* [Records to use]
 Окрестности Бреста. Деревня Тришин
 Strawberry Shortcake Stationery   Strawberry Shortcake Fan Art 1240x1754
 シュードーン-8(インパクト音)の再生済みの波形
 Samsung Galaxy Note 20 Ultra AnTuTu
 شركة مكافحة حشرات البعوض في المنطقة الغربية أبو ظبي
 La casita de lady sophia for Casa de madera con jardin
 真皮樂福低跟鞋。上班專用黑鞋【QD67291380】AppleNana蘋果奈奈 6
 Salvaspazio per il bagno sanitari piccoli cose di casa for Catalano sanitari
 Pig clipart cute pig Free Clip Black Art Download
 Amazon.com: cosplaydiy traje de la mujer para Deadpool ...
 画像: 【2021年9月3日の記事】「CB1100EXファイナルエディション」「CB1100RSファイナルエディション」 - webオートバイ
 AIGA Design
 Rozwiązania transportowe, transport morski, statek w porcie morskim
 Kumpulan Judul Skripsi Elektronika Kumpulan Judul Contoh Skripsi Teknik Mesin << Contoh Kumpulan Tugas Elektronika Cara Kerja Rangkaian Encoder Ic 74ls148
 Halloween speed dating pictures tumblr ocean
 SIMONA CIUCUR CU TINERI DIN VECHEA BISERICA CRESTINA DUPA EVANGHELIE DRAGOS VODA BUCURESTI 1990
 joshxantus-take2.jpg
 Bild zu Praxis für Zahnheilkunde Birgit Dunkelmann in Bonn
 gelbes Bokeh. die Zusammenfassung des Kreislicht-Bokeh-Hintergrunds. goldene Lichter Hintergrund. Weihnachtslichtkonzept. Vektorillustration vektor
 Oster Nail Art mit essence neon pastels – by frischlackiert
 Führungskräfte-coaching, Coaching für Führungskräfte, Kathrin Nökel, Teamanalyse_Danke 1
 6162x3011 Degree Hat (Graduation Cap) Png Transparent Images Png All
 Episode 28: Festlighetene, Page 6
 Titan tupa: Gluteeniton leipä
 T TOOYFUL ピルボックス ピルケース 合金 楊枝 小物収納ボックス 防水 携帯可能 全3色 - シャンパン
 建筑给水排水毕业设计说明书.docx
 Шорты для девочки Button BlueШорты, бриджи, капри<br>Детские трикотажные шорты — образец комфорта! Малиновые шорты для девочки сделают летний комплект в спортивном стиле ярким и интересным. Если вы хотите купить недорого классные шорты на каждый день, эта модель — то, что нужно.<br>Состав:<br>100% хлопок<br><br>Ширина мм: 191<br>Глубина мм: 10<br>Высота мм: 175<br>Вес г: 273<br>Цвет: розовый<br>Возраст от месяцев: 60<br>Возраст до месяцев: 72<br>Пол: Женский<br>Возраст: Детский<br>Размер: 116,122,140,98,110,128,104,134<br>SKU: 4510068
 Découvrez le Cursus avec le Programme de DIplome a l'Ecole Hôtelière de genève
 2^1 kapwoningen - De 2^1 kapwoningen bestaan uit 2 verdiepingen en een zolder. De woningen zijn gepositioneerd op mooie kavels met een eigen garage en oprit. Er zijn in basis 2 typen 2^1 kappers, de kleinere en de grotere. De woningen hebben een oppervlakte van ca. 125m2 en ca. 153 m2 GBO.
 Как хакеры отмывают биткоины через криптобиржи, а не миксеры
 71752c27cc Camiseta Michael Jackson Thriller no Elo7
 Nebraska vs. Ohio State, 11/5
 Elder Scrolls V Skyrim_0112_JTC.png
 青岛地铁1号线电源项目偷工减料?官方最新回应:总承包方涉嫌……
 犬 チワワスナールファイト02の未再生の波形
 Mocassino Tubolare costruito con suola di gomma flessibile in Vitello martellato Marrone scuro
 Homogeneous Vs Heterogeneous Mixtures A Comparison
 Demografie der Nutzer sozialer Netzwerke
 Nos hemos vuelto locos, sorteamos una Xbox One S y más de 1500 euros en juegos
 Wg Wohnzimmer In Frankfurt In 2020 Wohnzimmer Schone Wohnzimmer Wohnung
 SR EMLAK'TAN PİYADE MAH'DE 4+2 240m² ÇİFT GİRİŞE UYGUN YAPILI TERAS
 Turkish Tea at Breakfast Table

* [Your task] Your task is to transcribe the listing in full, so that each line reads exactly as before.

* [Expected answer]
 Окрестности Бреста. Деревня Тришин
 Strawberry Shortcake Stationery   Strawberry Shortcake Fan Art 1240x1754
 シュードーン-8(インパクト音)の再生済みの波形
 Samsung Galaxy Note 20 Ultra AnTuTu
 شركة مكافحة حشرات البعوض في المنطقة الغربية أبو ظبي
 La casita de lady sophia for Casa de madera con jardin
 真皮樂福低跟鞋。上班專用黑鞋【QD67291380】AppleNana蘋果奈奈 6
 Salvaspazio per il bagno sanitari piccoli cose di casa for Catalano sanitari
 Pig clipart cute pig Free Clip Black Art Download
 Amazon.com: cosplaydiy traje de la mujer para Deadpool ...
 画像: 【2021年9月3日の記事】「CB1100EXファイナルエディション」「CB1100RSファイナルエディション」 - webオートバイ
 AIGA Design
 Rozwiązania transportowe, transport morski, statek w porcie morskim
 Kumpulan Judul Skripsi Elektronika Kumpulan Judul Contoh Skripsi Teknik Mesin << Contoh Kumpulan Tugas Elektronika Cara Kerja Rangkaian Encoder Ic 74ls148
 Halloween speed dating pictures tumblr ocean
 SIMONA CIUCUR CU TINERI DIN VECHEA BISERICA CRESTINA DUPA EVANGHELIE DRAGOS VODA BUCURESTI 1990
 joshxantus-take2.jpg
 Bild zu Praxis für Zahnheilkunde Birgit Dunkelmann in Bonn
 gelbes Bokeh. die Zusammenfassung des Kreislicht-Bokeh-Hintergrunds. goldene Lichter Hintergrund. Weihnachtslichtkonzept. Vektorillustration vektor
 Oster Nail Art mit essence neon pastels – by frischlackiert
 Führungskräfte-coaching, Coaching für Führungskräfte, Kathrin Nökel, Teamanalyse_Danke 1
 6162x3011 Degree Hat (Graduation Cap) Png Transparent Images Png All
 Episode 28: Festlighetene, Page 6
 Titan tupa: Gluteeniton leipä
 T TOOYFUL ピルボックス ピルケース 合金 楊枝 小物収納ボックス 防水 携帯可能 全3色 - シャンパン
 建筑给水排水毕业设计说明书.docx
 Шорты для девочки Button BlueШорты, бриджи, капри<br>Детские трикотажные шорты — образец комфорта! Малиновые шорты для девочки сделают летний комплект в спортивном стиле ярким и интересным. Если вы хотите купить недорого классные шорты на каждый день, эта модель — то, что нужно.<br>Состав:<br>100% хлопок<br><br>Ширина мм: 191<br>Глубина мм: 10<br>Высота мм: 175<br>Вес г: 273<br>Цвет: розовый<br>Возраст от месяцев: 60<br>Возраст до месяцев: 72<br>Пол: Женский<br>Возраст: Детский<br>Размер: 116,122,140,98,110,128,104,134<br>SKU: 4510068
 Découvrez le Cursus avec le Programme de DIplome a l'Ecole Hôtelière de genève
 2^1 kapwoningen - De 2^1 kapwoningen bestaan uit 2 verdiepingen en een zolder. De woningen zijn gepositioneerd op mooie kavels met een eigen garage en oprit. Er zijn in basis 2 typen 2^1 kappers, de kleinere en de grotere. De woningen hebben een oppervlakte van ca. 125m2 en ca. 153 m2 GBO.
 Как хакеры отмывают биткоины через криптобиржи, а не миксеры
 71752c27cc Camiseta Michael Jackson Thriller no Elo7
 Nebraska vs. Ohio State, 11/5
 Elder Scrolls V Skyrim_0112_JTC.png
 青岛地铁1号线电源项目偷工减料?官方最新回应:总承包方涉嫌……
 犬 チワワスナールファイト02の未再生の波形
 Mocassino Tubolare costruito con suola di gomma flessibile in Vitello martellato Marrone scuro
 Homogeneous Vs Heterogeneous Mixtures A Comparison
 Demografie der Nutzer sozialer Netzwerke
 Nos hemos vuelto locos, sorteamos una Xbox One S y más de 1500 euros en juegos
 Wg Wohnzimmer In Frankfurt In 2020 Wohnzimmer Schone Wohnzimmer Wohnung
 SR EMLAK'TAN PİYADE MAH'DE 4+2 240m² ÇİFT GİRİŞE UYGUN YAPILI TERAS
 Turkish Tea at Breakfast Table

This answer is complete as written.